I must have started this blog post about 100 times. This being number 102. It’s hard to put into words what is going on in my brain at the moment. So, this post may be the most jumbled messy thing you have ever read (excluding the DaVinci code).
I have struggled this year with my mental health. This is not directly related to Covid, but I think it’s had more on an effect on me that I first thought. Some days I am up and happy and some days I just want to stay in bed and cry the day away but never really knowing the source of the sadness.

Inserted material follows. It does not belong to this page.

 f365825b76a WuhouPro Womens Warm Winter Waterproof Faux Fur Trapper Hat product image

At the start of lockdown, I began in a new role at work. While for a time it was interesting, it soon became so dull my mind wasn’t being occupied and certainly not fulfilled. This only added to my mental health issues as I wasn’t being used or stretched. Add to this the emptiness of the role meant my brain was free to wonder to dark places.
I will be honest and say I did not handle that well at all. In fact, I would say I had a total breakdown and wanted to just vanish off the face of the planet. It all became too much and so cub suggested I see a therapist.

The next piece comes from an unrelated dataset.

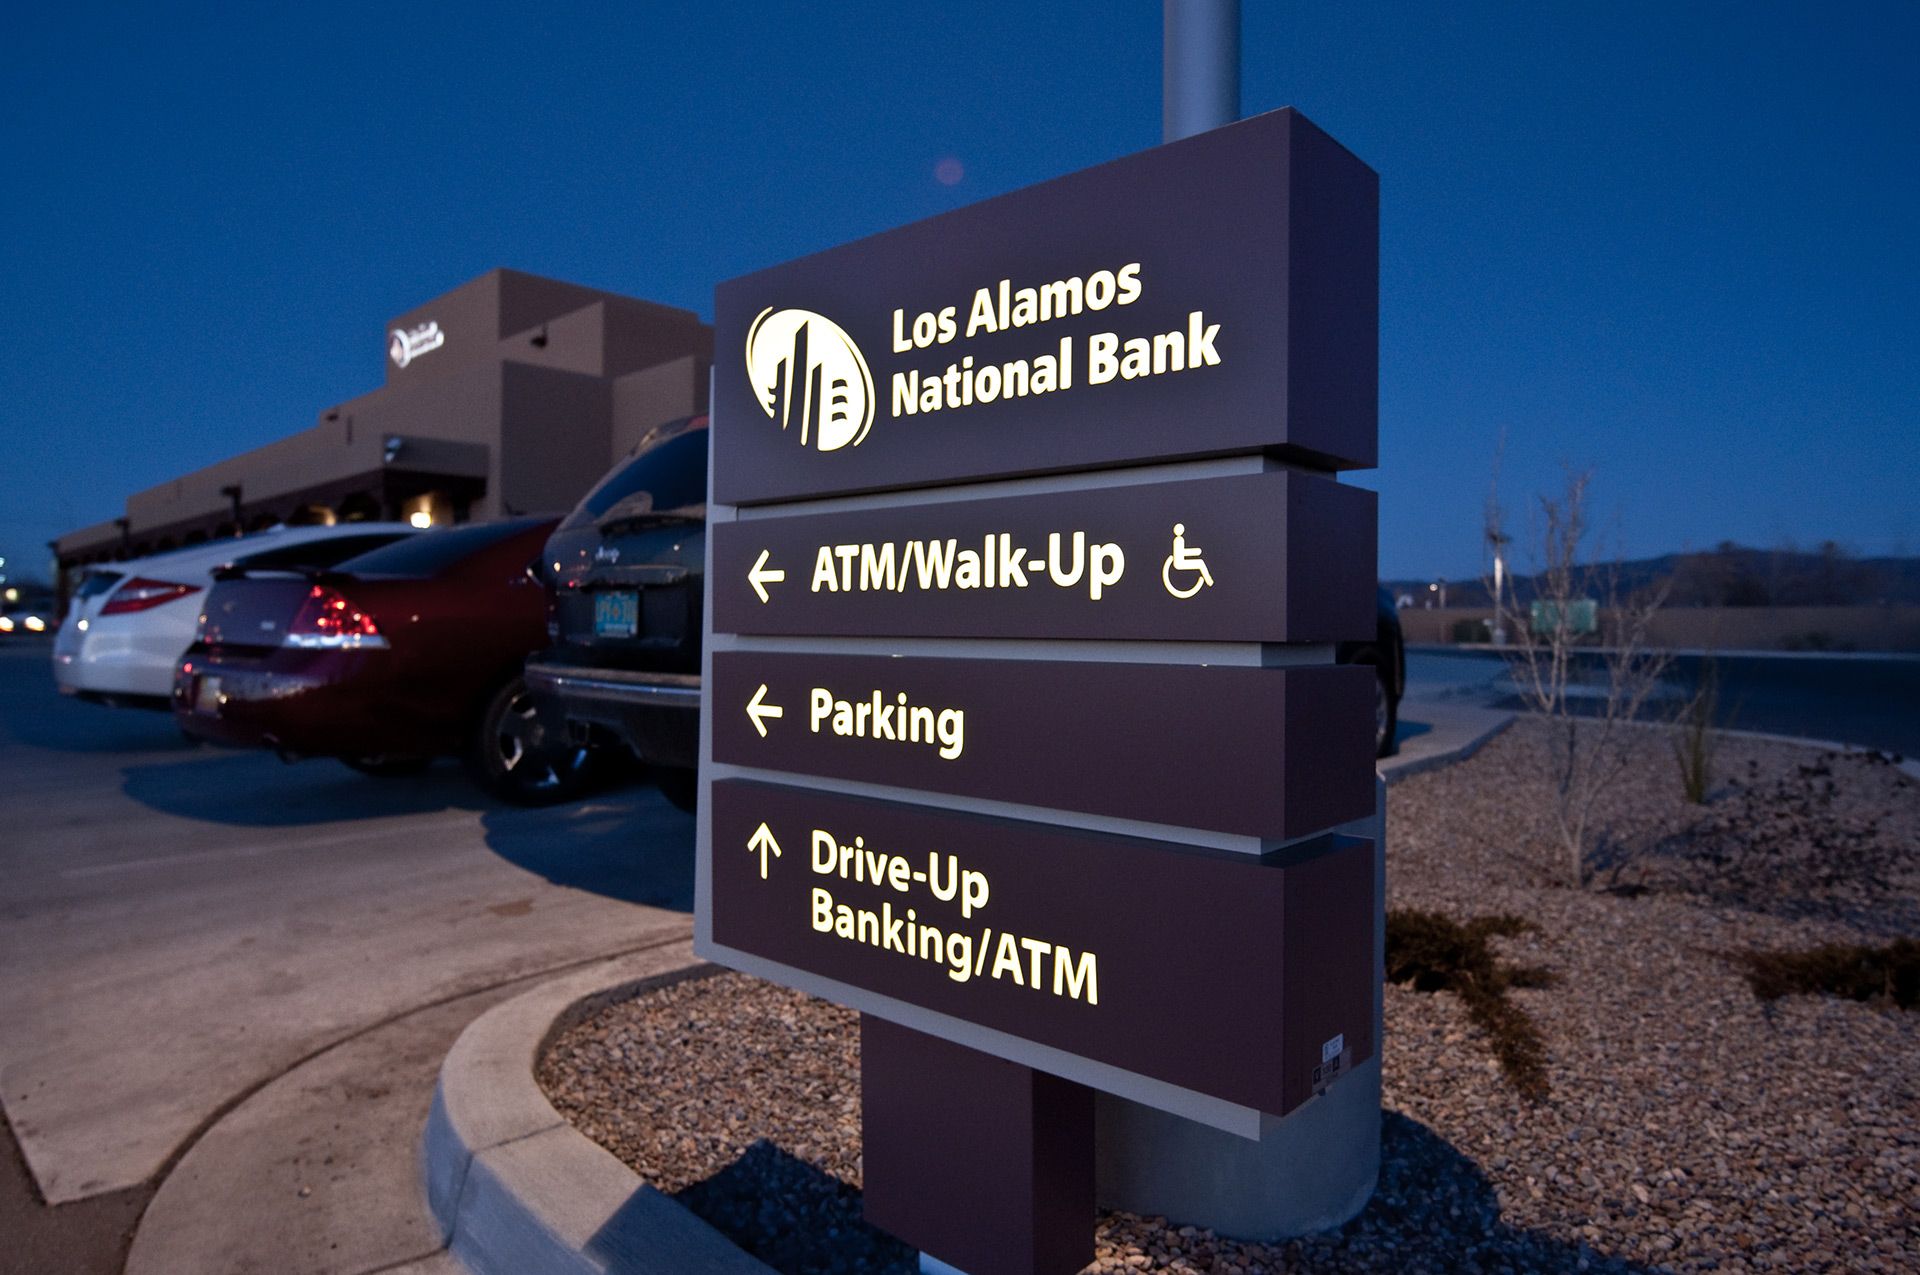 Los Alamos Bank - Exterior Wayfinding

Through talking to her, I started to open up about my deepest thoughts and feelings. Ones I had buried so far down I thought would just wither and die. Turns out they were having a massive effect on me and needed to be dealt with so I can move forwards.
When you hear the phrase “People Pleaser” it always seems to conjure up in my mind a submissive attitude to the world. Yet, as I looked deeper and deeper, it turns out I am very much a people pleaser but with extra bells and whistles.

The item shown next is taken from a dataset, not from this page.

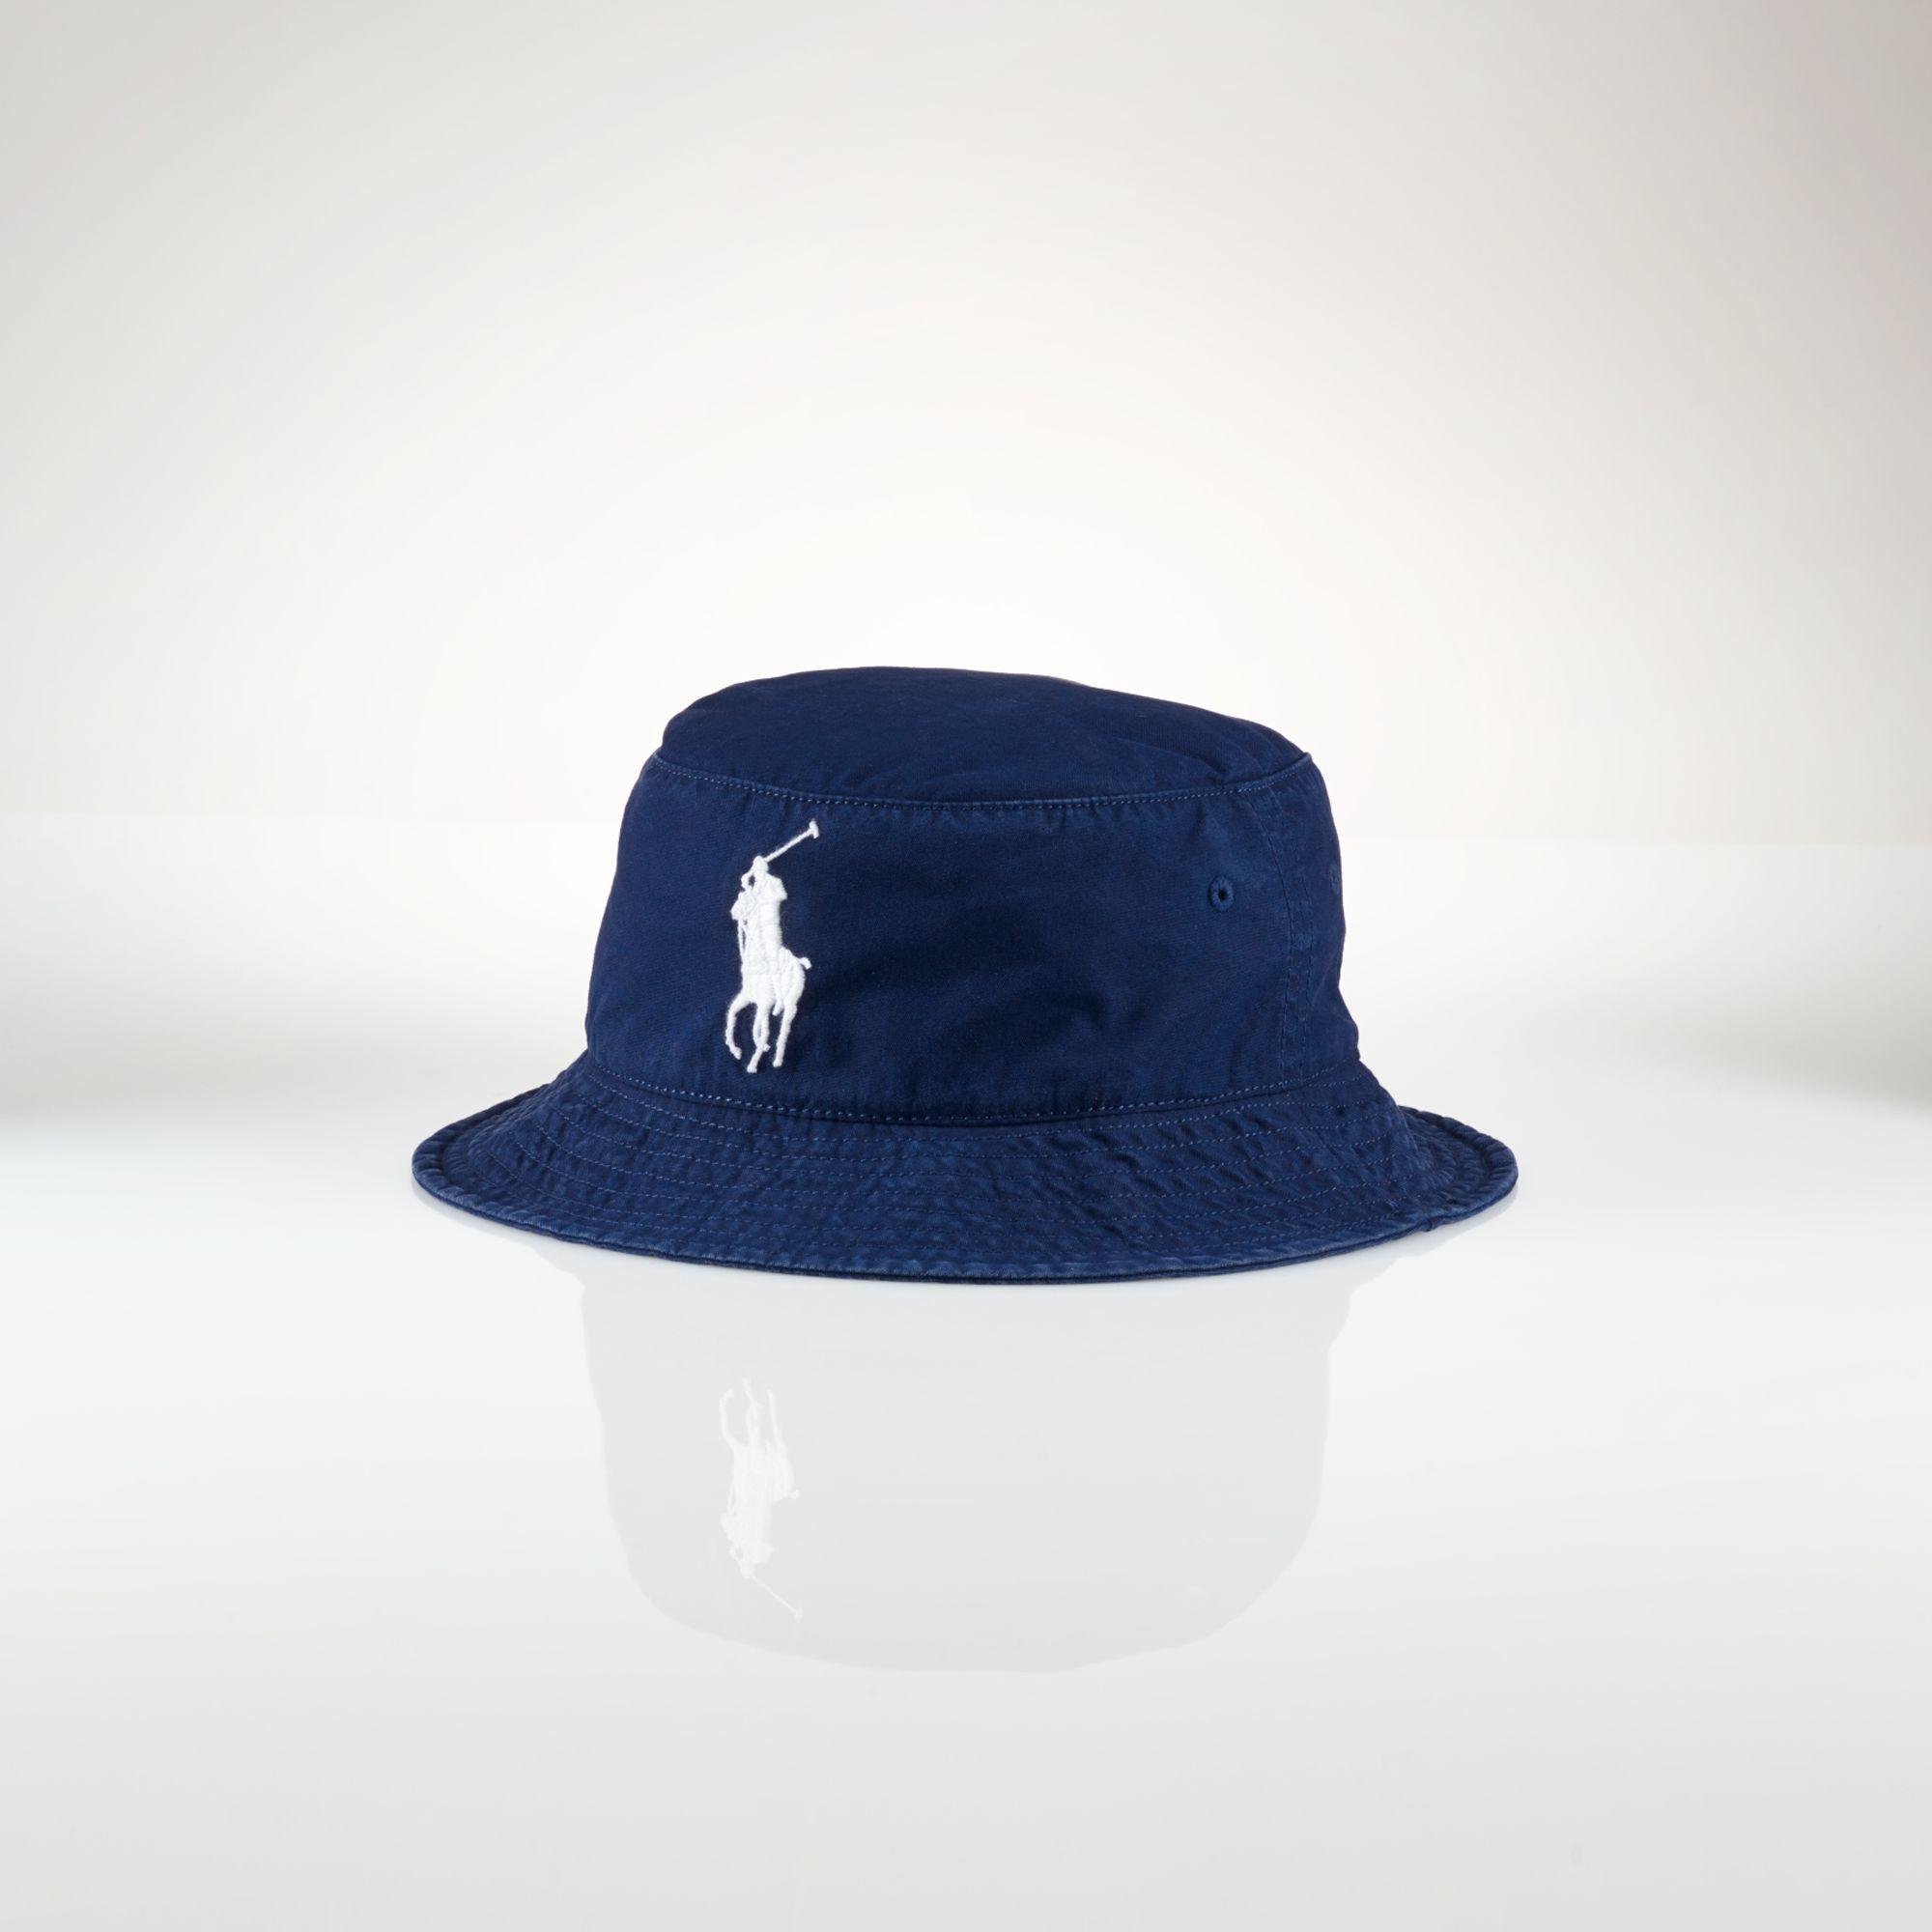 polo ralph lauren beachside bucket hat in blue for men lyst

I like to make people happy or at least make their life easier as best I can. The desire is selfless on the face of it but it really isn’t. It’s all about me filling up my wellness bar, to quote gamer speak. For every good act I do or, as it now seems, any interaction however small I have with other humans, this fills up that bar. This bar is then used to make me feel good and recycled into helping those I care for as best I can.As lockdown hit, I never got my bar filled and it became a darker and darker place as I continued to help those around despite not having the wellness and energy to keep doing it. People relied on me and I couldn’t stop. This of course had a negative impact on me and led to my brain going in the toilet. Where I hit bottom.
Now this is all well and sad but it’s the deepest feelings which brings me to write this post. As part of the sessions, we discussed my profound poly thoughts and feelings. I hadn’t really addressed these since I renounced them when I met cub. I truly thought I could pop the feelings in a box and get on with life. I kept hanging on to thought that “That time was just a phase and now I am normal”.
I really enjoyed being poly back in the day. The human connection I got with people was often very deep and meaningful. Sure, there may have also been some not so deep connections, if you know what I mean, but on the whole I thrived on meeting new and interesting people and getting to know them on all levels.
As I continued with the sessions, it became clearer that these feelings and emotions were having quite the profound harmful effect on me. I needed to address them and work through them to be me. The problem was that as I was doing this, the thought of telling cub that poly is something I need, and that it’s not gone away, filled me with dread.
Cub is monogamous. I was seeing several people when we met, which she knew about, but she made it clear that she wasn’t interested in being one of many. She has no problem with ethical non-monogamy, but it was not something she wanted for her relationships. At the time, this felt like a promise I could make.
Yet here I was about to tell her that she is brilliant and wonderful and I love her very much, but would she mind if I went and found another person as well as her. That is, to say and do things with them on a deeper level than just friends. That all sounded very suss to me and I am the one saying it.
When it came time to tell cub, it wasn’t how I really wanted to do it, over Skype and just blurting it out (must remember to work on that). However, I am super proud of how she has dealt with it, and continues to deal with it. I was expecting the world to fall in and it didn’t, just tiny parts of it which we hope can be fixed. They may be difficult to fix but they will be fixed I am sure.So here I am, a slowly emerging poly / non monogamous person again and it’s a strange feeling. I know this is what I need and the journey will not be easy. Yet at times I am super happy with how it makes me feel. Sure, there are times it scares me to death but I know WE can do this and that’s the thing. Yes, it’s my journey but we will do this as partners.